The 5 Key Skills of Healthy Eaters
Imagine if, after doing an activity over 18,000 times, you tried to change how you did it.
It might feel very hard.
Now imagine that activity you did over 18,000 times was tied up with feelings of comfort, being loved, feeling at home, having a good time or even your identity. Not to mention mouth-watering cravings.
It might feel impossible.
A child eats approximately 18,564 meals from the age of 1 to 18. Over thousands of meals, he or she will develop eating habits. It would be hard not to develop habits in an activity that is repeated so frequently!
Maybe this explains why it’s so hard for adults to change the way they eat and why we often require outside pressure (like the diagnosis of a disease, obesity, high blood pressure or high cholesterol) to even consider making a change in our eating habits. Habits can be hard to change. Ever try to stop biting your nails? Or try to stop checking Facebook during work hours?
So when I recently asked the women in my business group what their grandest wish is when it comes to feeding their family and helping them develop healthy eating habits, they were remarkably consistent in their answers – and very smart.
Most of them answered with some variation of this:
"My grandest wish is that my children will make healthy
eating choices on their own, at least most of the time."
The good news:
I think having this wish come true is VERY possible.
Not just for kids, but FOR EVERYONE.
If you’re raising kids, 18,564 meals provide a lot of chances to develop and encourage good eating habits. So you shouldn’t get upset if you don’t hit it out of the park every time. No one can do that. Perfection, in any type of diet, doesn’t actually exist. It’s the overall balance of ingredients that are important.
If you’re looking to improve YOUR own eating habits, think about this: in the coming year you have 1,092 chances (plus snacks!) to give a new way of eating a try and start creating NEW habits.
Going from wherever you are with your eating habits to eating healthy most of the time over a lifetime, however, is only possible with the development of these 5 key skills.
1. The knowledge of what healthy foods are.
This doesn’t necessarily mean why each food is healthy (depending on the person’s age and interest), but exposure to a wide variety of healthy foods is required. For me, this includes everything from apples to zucchini, amaranth to quinoa, Brazil nuts to walnuts, chia to hemp. You get the idea… soup to nuts.
2. An appreciation for how healthy foods taste.
We can’t expect people to make healthy foods their primary choice at 19 or even 59 if they aren’t familiar with them or don’t like the way they taste. This goal presents a challenge because it often requires multiple exposures to a food, possibly in different preparations, for a person to find a way to enjoy them.
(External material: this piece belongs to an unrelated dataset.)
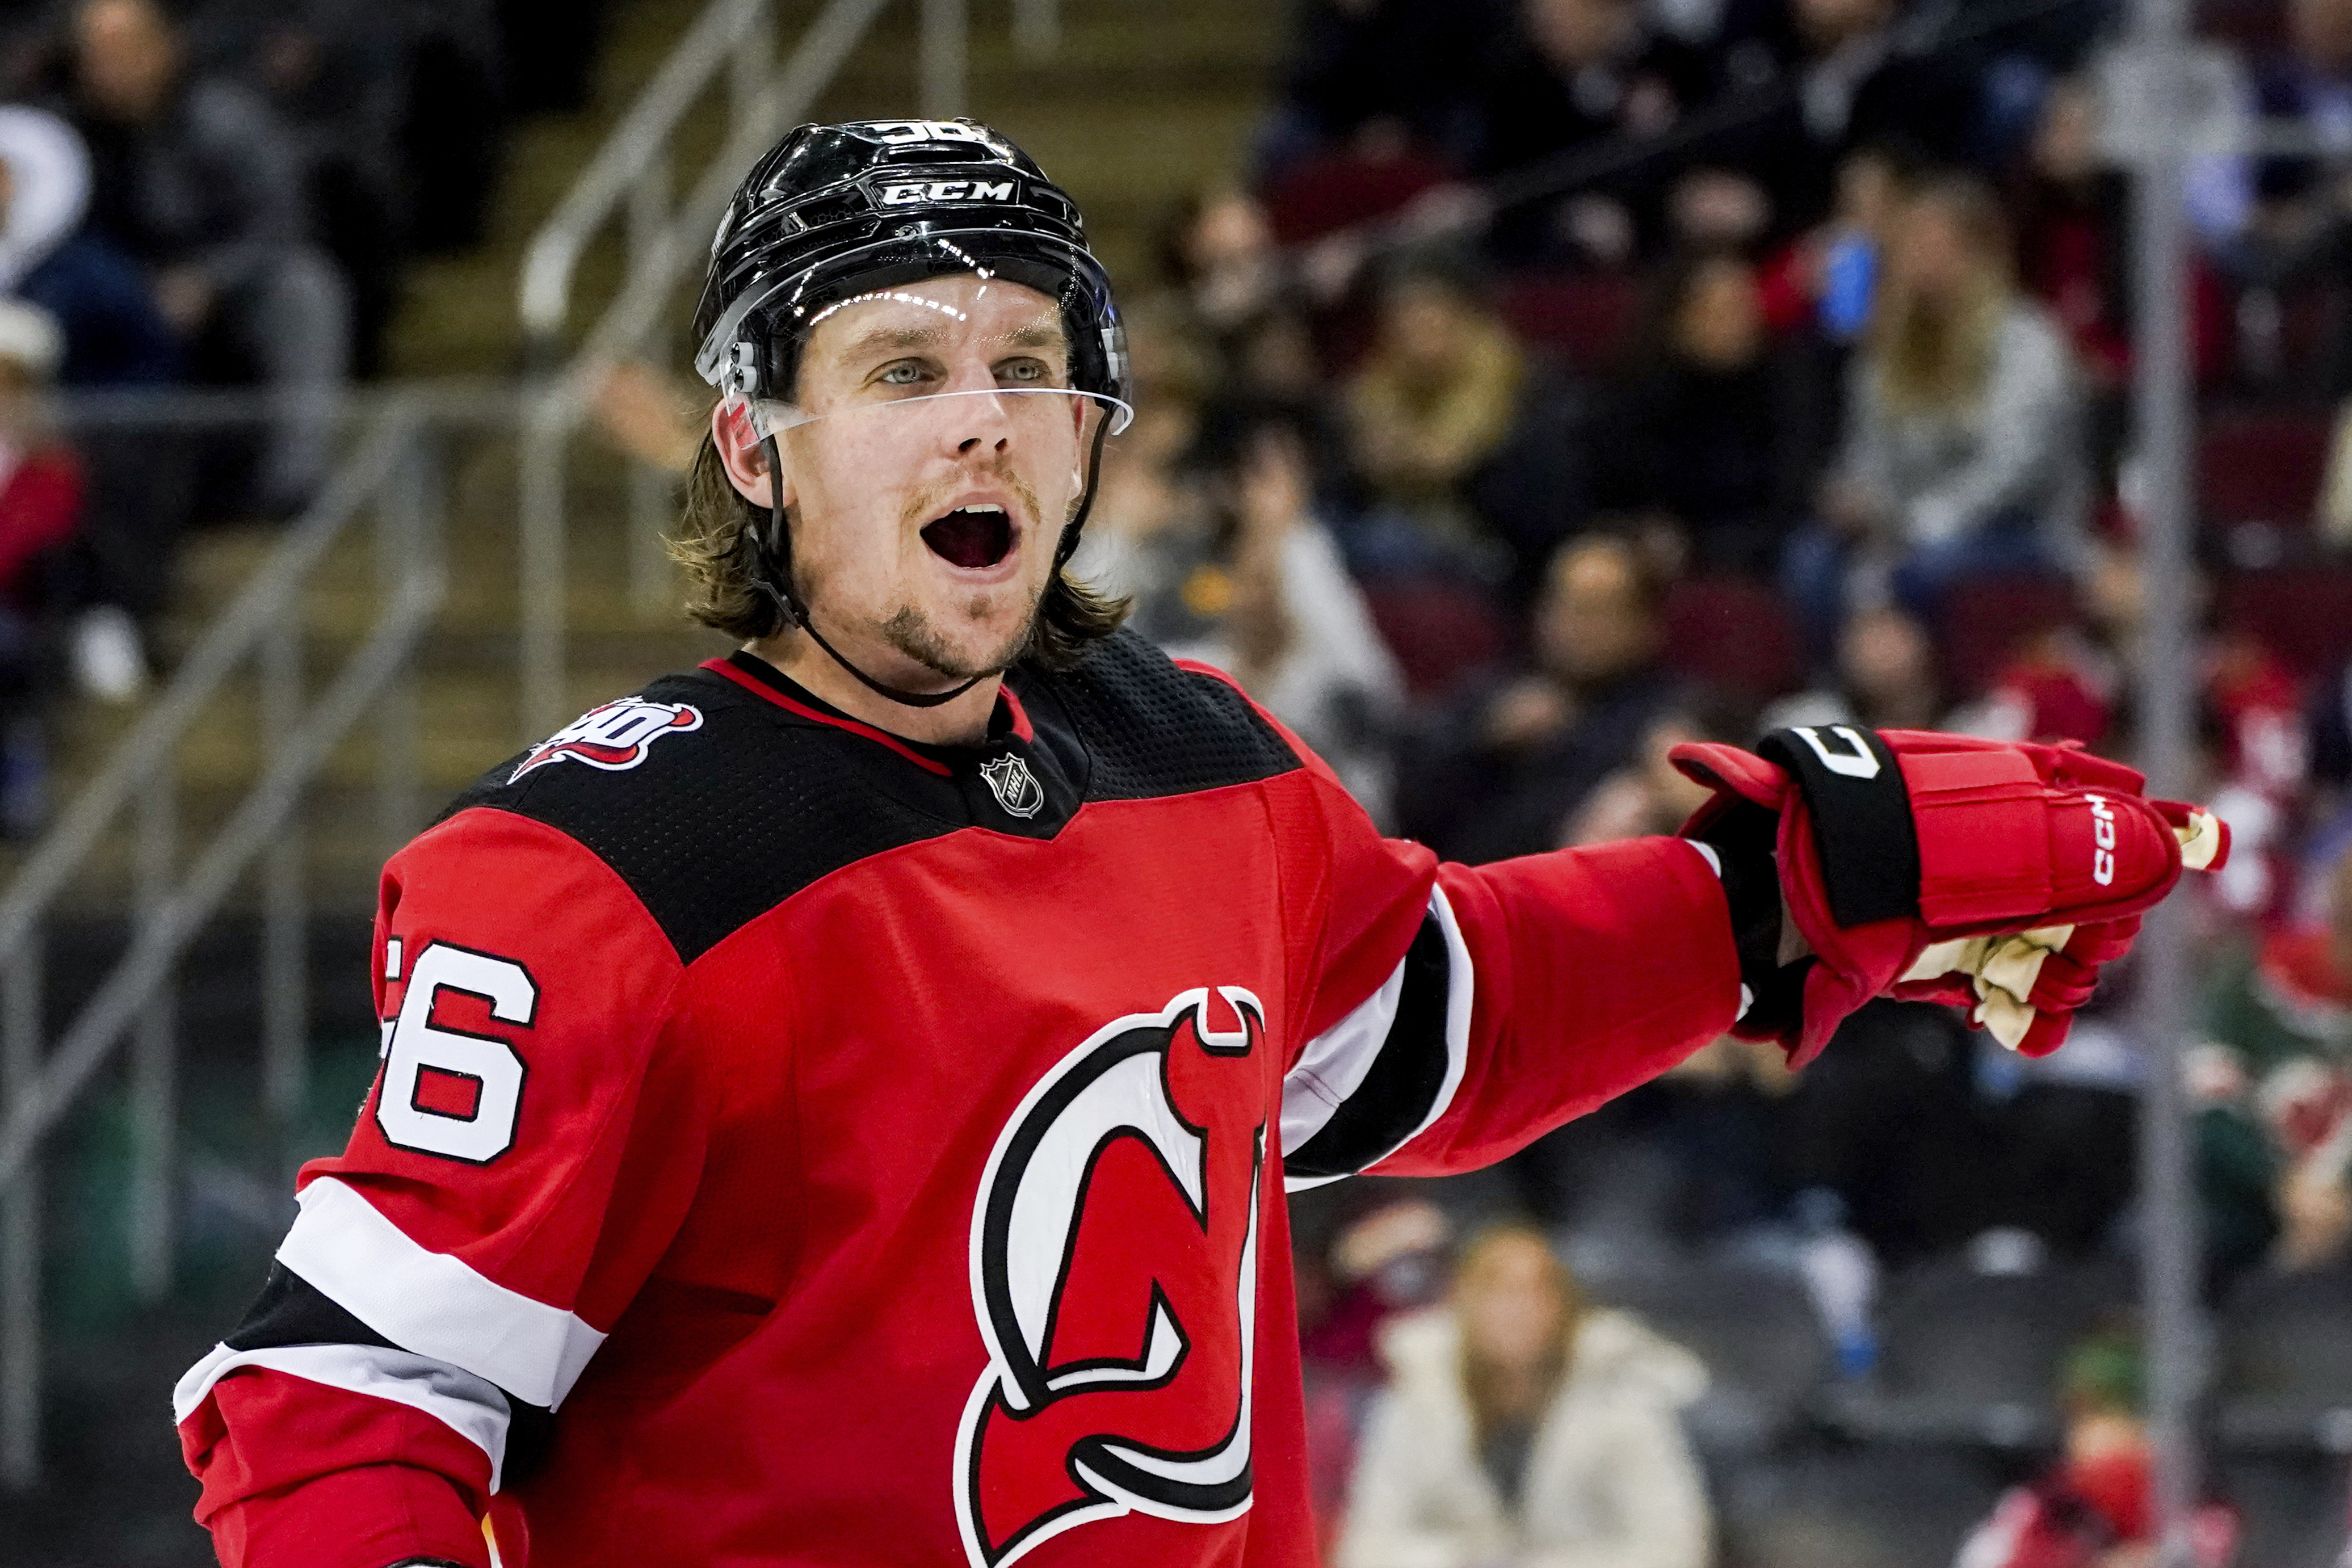 Inside The Rink - The Devils have inked Erik Haula to a three-year  extension! #NHL #NJDevils

This can be true for kids AND adults. Persistence is your friend here. (And so are great, easy recipes!)
3. The ability to prepare healthy foods.
Nearly everyone has baked cookies at some point, but time spent in the kitchen shouldn’t end, or necessarily begin, there. The ability to prepare simple, healthy dishes is super valuable. Not only will it keep you healthier, it’ll also save you lots of money in the long run.
4. The ability to select healthy options out of the house.
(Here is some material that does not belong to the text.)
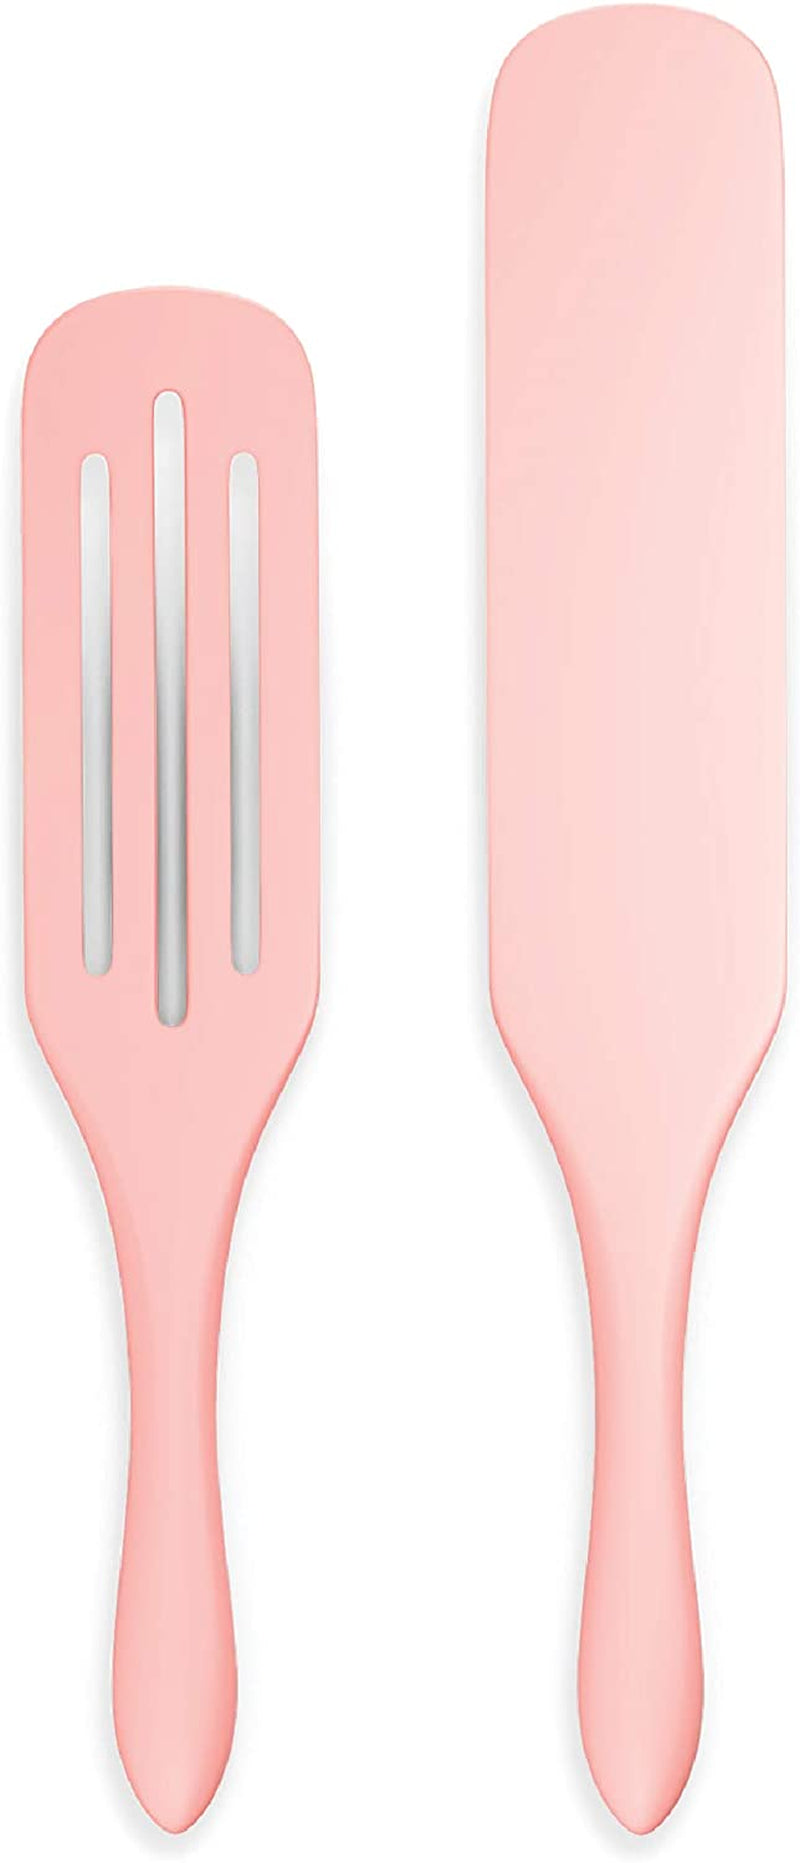 Mad Hungry Spurtle Silicone Set 2-Piece - Kitchen Spatula Spoon Tools for Cooking, Narrow Jar Scraper, Mixing Spoons, Icing Cake & Frosting Knife Spreader, Slim & Slotted Thin Paddle Spurtles Utensil Home & Garden > Kitchen & Dining > Kitchen Tools & Utensils Mad Hungry Pastel Pink

Homemade is just not realistic every day. Out in the world, there are so many choices, so many foods engineered to taste delicious that provide absolutely no nutrition whatsoever. Worse, others with ingredients that can actually be harmful! It can seem like a virtual food mind field out there, but a healthy meal can be found most everywhere, once you know what to look for.
5. Knowledge of which foods are best kept “once in a while” foods.
It may be tempting for you to label foods as “good” or “bad”, but I find that sometimes people want to give up on healthy eating if they happen to eat a food they label as “bad”. And eventually, this always happens! I think a better way is to think of certain foods which don’t necessarily provide great nutrition as “once in a while” foods”. What these are may be different from person to person, but the point is, this frees you from feeling “bad”, which is not helpful – or healthy!
As a health coach and natural food chef, helping women and families develop these five skills, necessary to sustain a healthy diet, is what I love to do most. In the coming months I'll be addressing different aspects and issues involved in developing these skills here on this blog.
YOUR TURN: Which healthy eating skill do you think you or your family would benefit from focusing on right now? Which one do you find the most challenging?